Mix in the blender until smooth. set aside.


Making the enchiladas:
Preheat the oven to 350 degrees. While the oven heats, start by making the tempeh.  In a soup pot bring the 5 cups of water to a boil. Add in about 1/2  cup of soy sauce to gently season the water. Cut the tempeh in half so that you have 4 large pieces and simmer int he water/soy sauce mixture for about 20 minutes. Take out and cool slightly. Then cut up into a small dice. 
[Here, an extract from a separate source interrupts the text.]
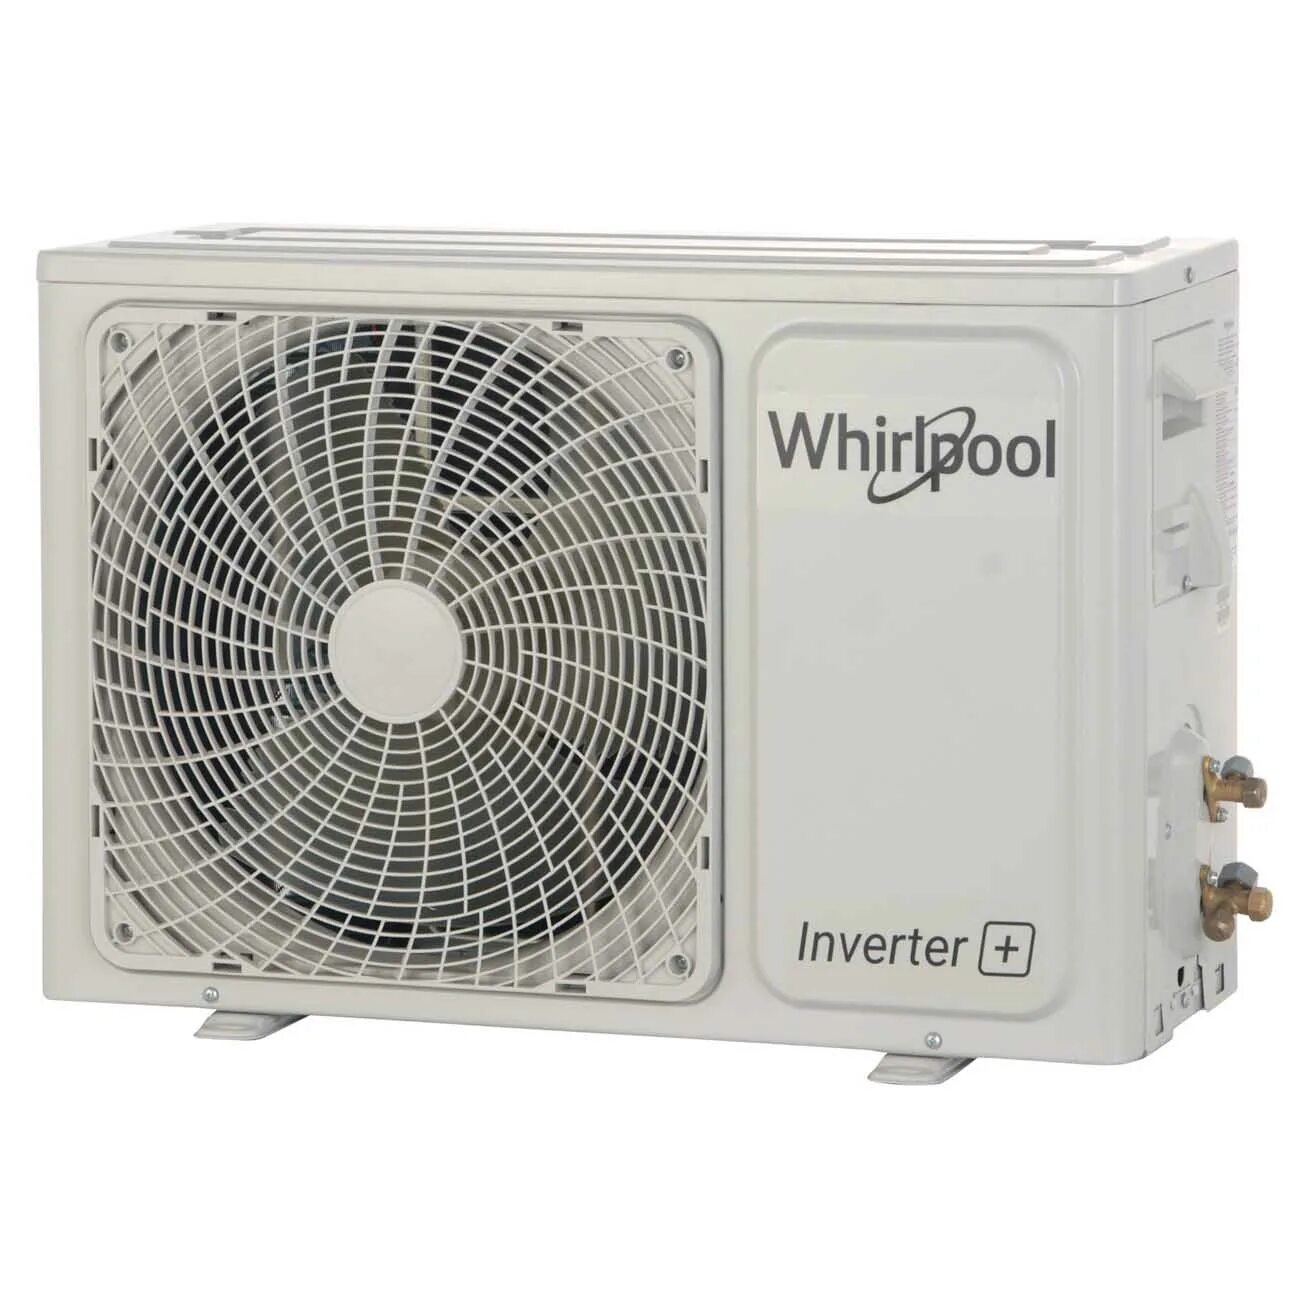 Сплит-система (инвертор) Whirlpool whi412lb. Вирпул whi49. Кондиционер Вирпул whi49lb. Сплит-система Whirlpool who49lb.

In a bowl, mix the tempeh, black beans, tofutti cream cheese, 1/2 of the tofu cheese mixture, green chilies, and a pinch of salt and pepper. Toss to coat everything well.
Using whole grain wraps (look for ones with minimal ingredients) start filling your tortillas with about 1/3 cup of the mixture. Roll up (no need to close the ends) and place in a large rectangular glass Pyrex baking dish. You will need two of these dishes to fit all your enchiladas. Spread the rest of the tofu cheese mixture over the top of the rolled tortillas, and then cover generously with red enchilada (or green) sauce. Cover with foil and bake for 30 minutes. Remove the foil for an extra 5-10 minutes until heated through. Serve with tons of fresh pico piled on top, a few sprigs of cilantro, and sliced avocado.